C. Borrower has requested that Bank amend the Loan Agreement to modify the Maximum Losses covenant and make certain other revisions to the Loan Agreement as more fully set forth herein.
D. Bank has agreed to so amend certain provisions of the Loan Agreement, but only to the extent, in accordance with the terms, subject to the conditions and in reliance upon the representations and warranties set forth below.
AGREEMENT
NOW, THEREFORE, in consideration of the foregoing recitals and other good and valuable consideration, the receipt and adequacy of which is hereby acknowledged, and intending to be legally bound, the parties hereto agree as follows:
1. Definitions. Capitalized terms used but not defined in this Amendment shall have the meanings given to them in the Loan Agreement.
2. Amendments to Loan Agreement.
2.1 OTIX Global, Inc. All references to Otix Global, Inc. in the Loan Agreement or any of the other Loan Documents are hereby amended and replaced with OTIX Global, Inc.
2.2 Section 6.7(b) (Maximum Losses).

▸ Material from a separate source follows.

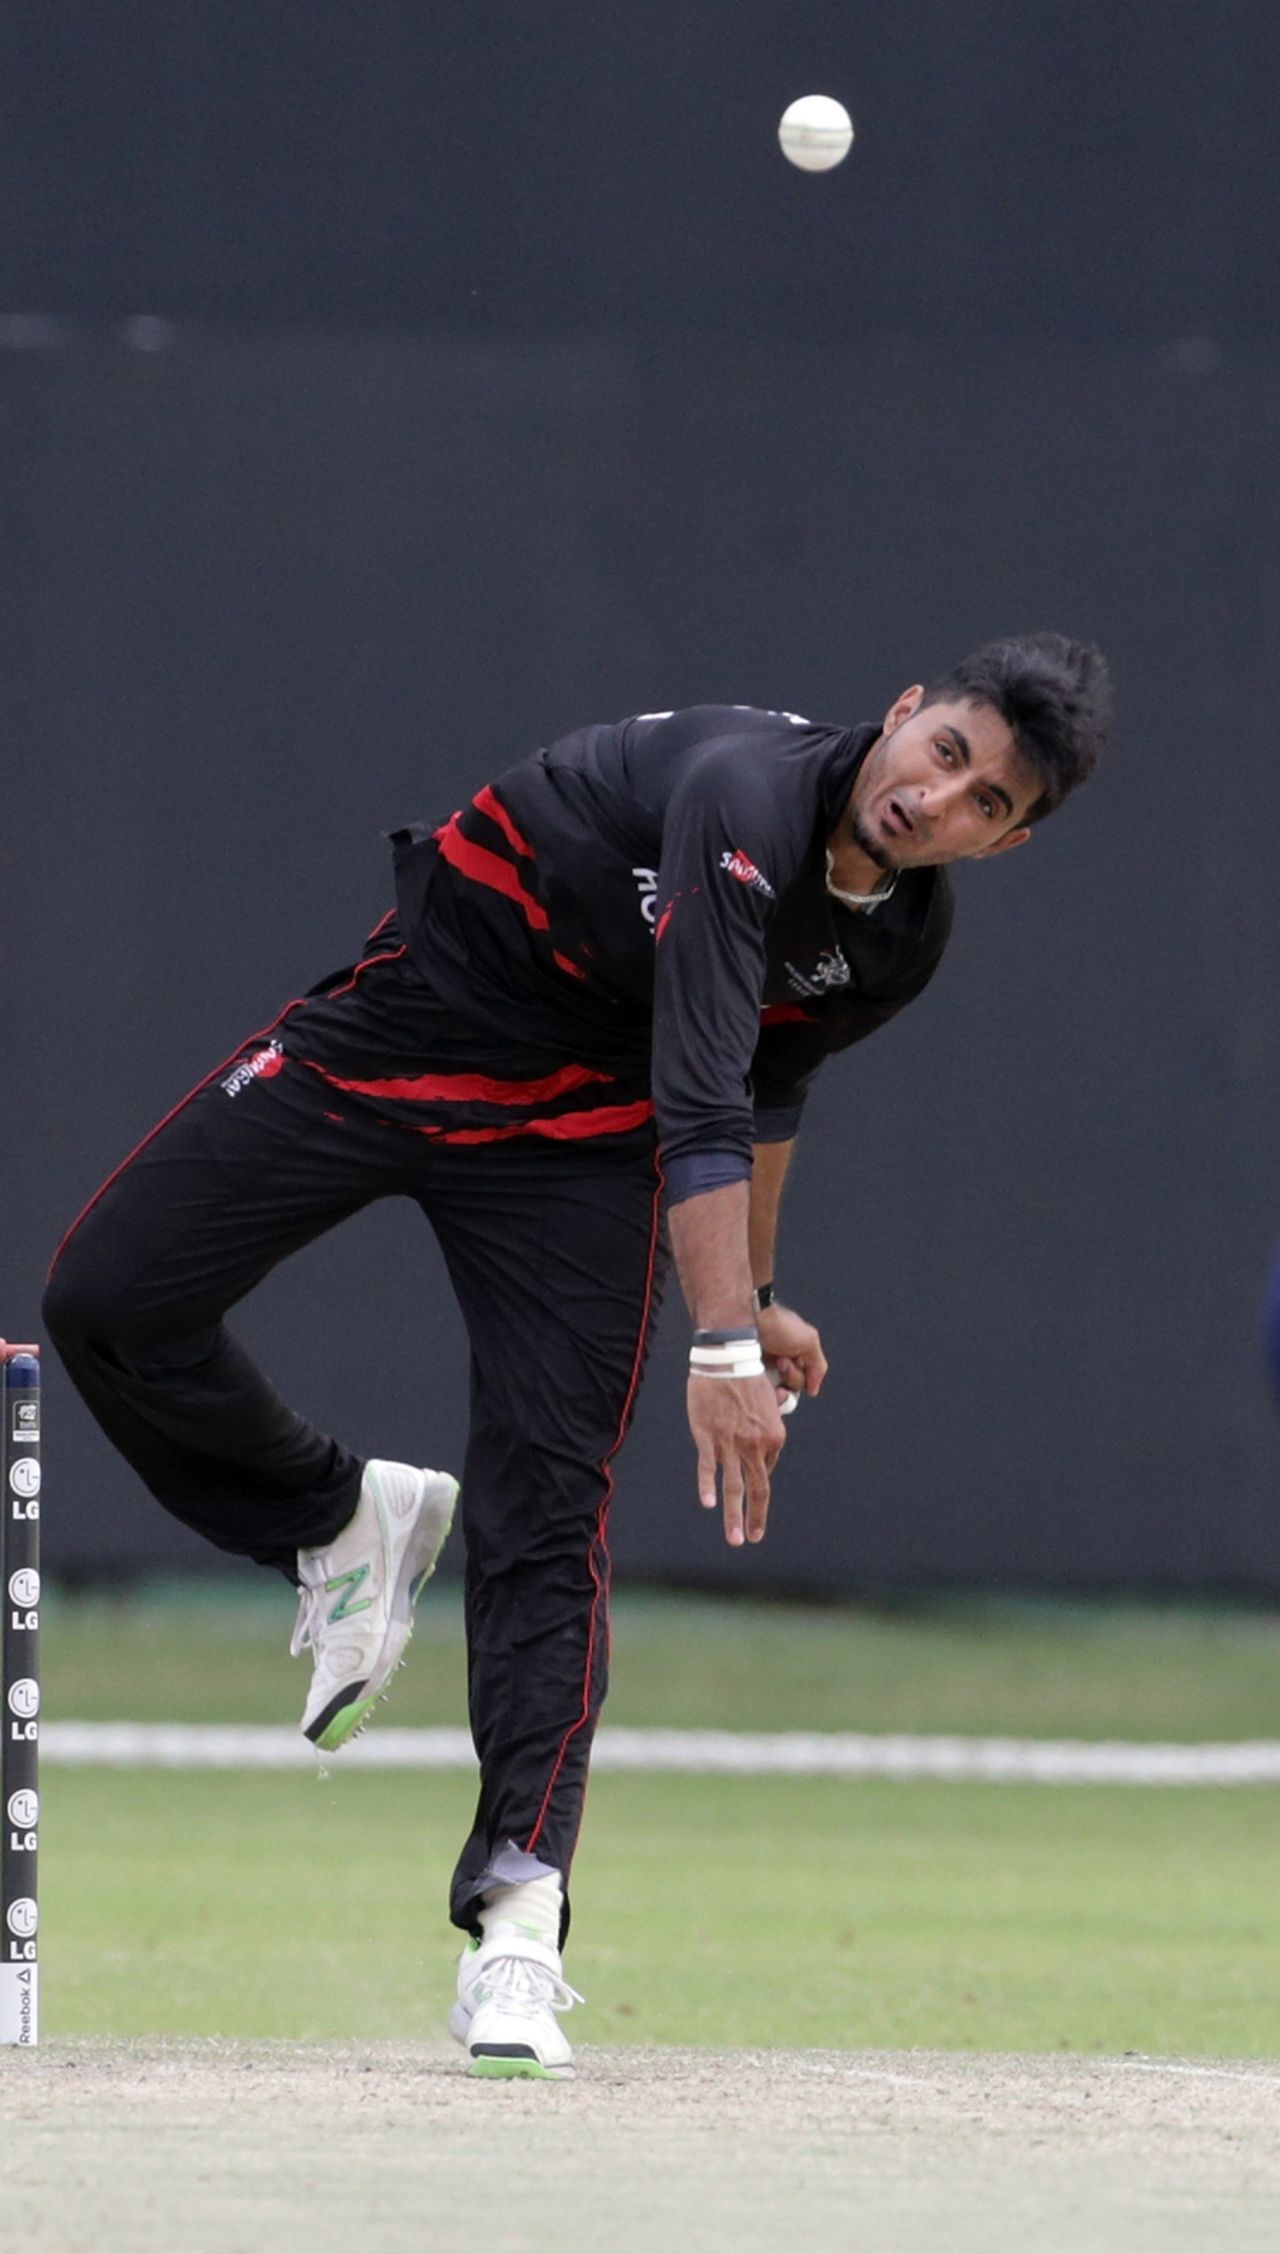 Nizakat Khan of Hong Kong comes in to bowl during ICC World Twenty20 Qualifier between Ireland and Hong Kong at the Zayed Cricket Stadium on November 24, 2013 in Abu Dhabi, United Arab Emirates. (Photo by Graham Crouch-IDI/IDI via Getty Images)

Section 6.7(b) is amended by deleting the existing provision and replacing it with the following:
“(b) Maximum Losses. Not suffer any EBITDA loss in excess of $3,000,000.00 on a cumulative basis for all quarterly or monthly periods, as applicable, in calendar year 2009, and beginning in 2010, this covenant shall be calculated based on a rolling twelve-month period.”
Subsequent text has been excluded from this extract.